Каждый делает три больших глотка. Кувшин отзывается странным полым звуком. Отрыгнув, пастор погружает палец в открытую чернильницу и рисует неровную петлю, почему-то похожую на луну.
— Великолепно!
Они долго сидят молча, пока несколько звезд не исчезают за узорчатой линией дубовых крон.
— Доктор Дайер, хочу поздравить вас с выздоровлением, ибо вижу, что теперь вы и в самом деле здоровы, сударь. Должен признаться, мы очень боялись за вас тогда, на Пасху.
— Ежели я и поправляюсь — не скажу, поправился, пока не скажу, — то только благодаря вашей доброте, доброте вашей сестры и всех домашних…
— И Мэри…
— И Мэри, конечно. Ее повадки могут показаться странными. Но ведь вы немного представляете себе, кто она такая. Вы первый увидели ее. В определенном смысле она обязана вам жизнью.
Пастор кивает головой, вспоминая: факелы, собаки, фигура беззвучно бегущей женщины.
— По-моему, — говорит Джеймс, — она верно определяет характер человека. И привела меня сюда не случайно.

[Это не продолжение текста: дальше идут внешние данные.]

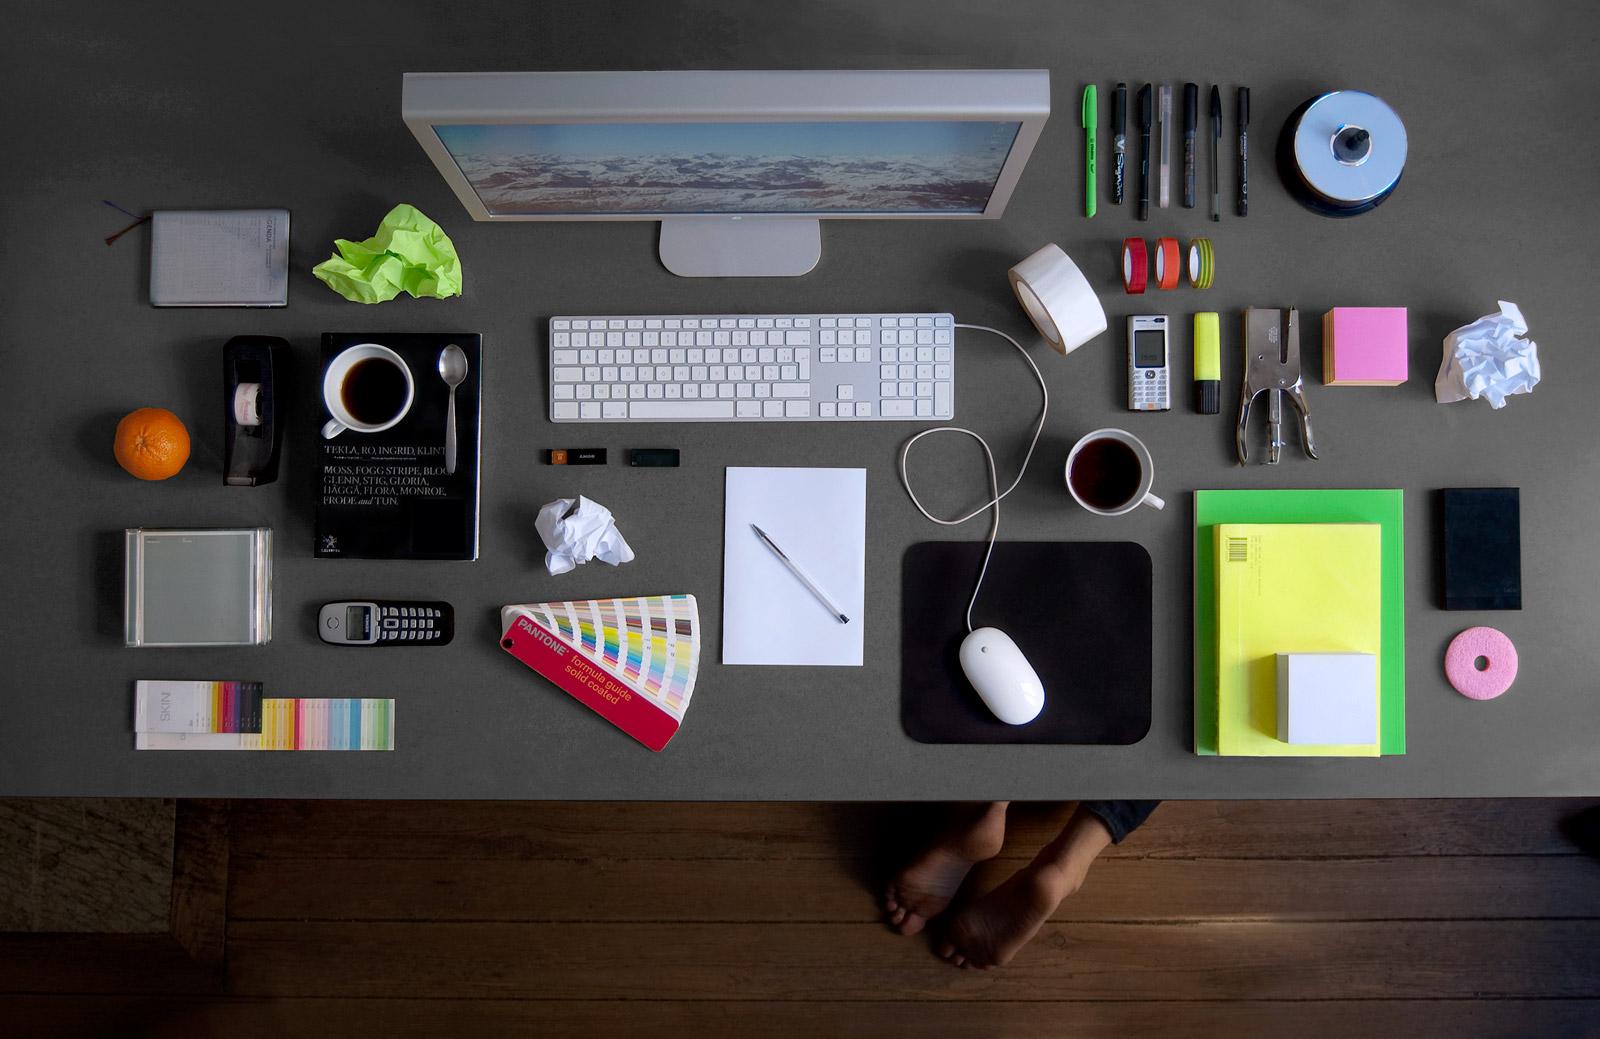 Réussir son business en passant par un bts design graphique

— Такое признание мне очень дорого, доктор. Вы знаете, что можете оставаться у меня — и вы и Мэри — сколько пожелаете. В комнате, которую вы теперь занимаете, можно сделать кое-какие перестановки, дабы она стала более уютной. Что же до Мэри, — продолжает он, немного выделив голосом последнее слово, — то она, думается мне, хорошо устроилась в комнатке рядом с Табитой.
— Мы оба превосходно устроились. Но мне кажется, я должен объяснить вам… То есть вам, наверное, не совсем понятно…
— Признаюсь, это так. Но не требую никаких объяснений. Сперва мы должны убедиться, что вы окончательно выздоровели. Нога все еще беспокоит?
— Да, немного. Это очень старая травма. Как и на руках. Теперь боль не столь ужасна. Я к ней почти привык.
— Простите, доктор, но когда-то, мне кажется, вы были неподвластны ее клыкам. Я говорю о боли.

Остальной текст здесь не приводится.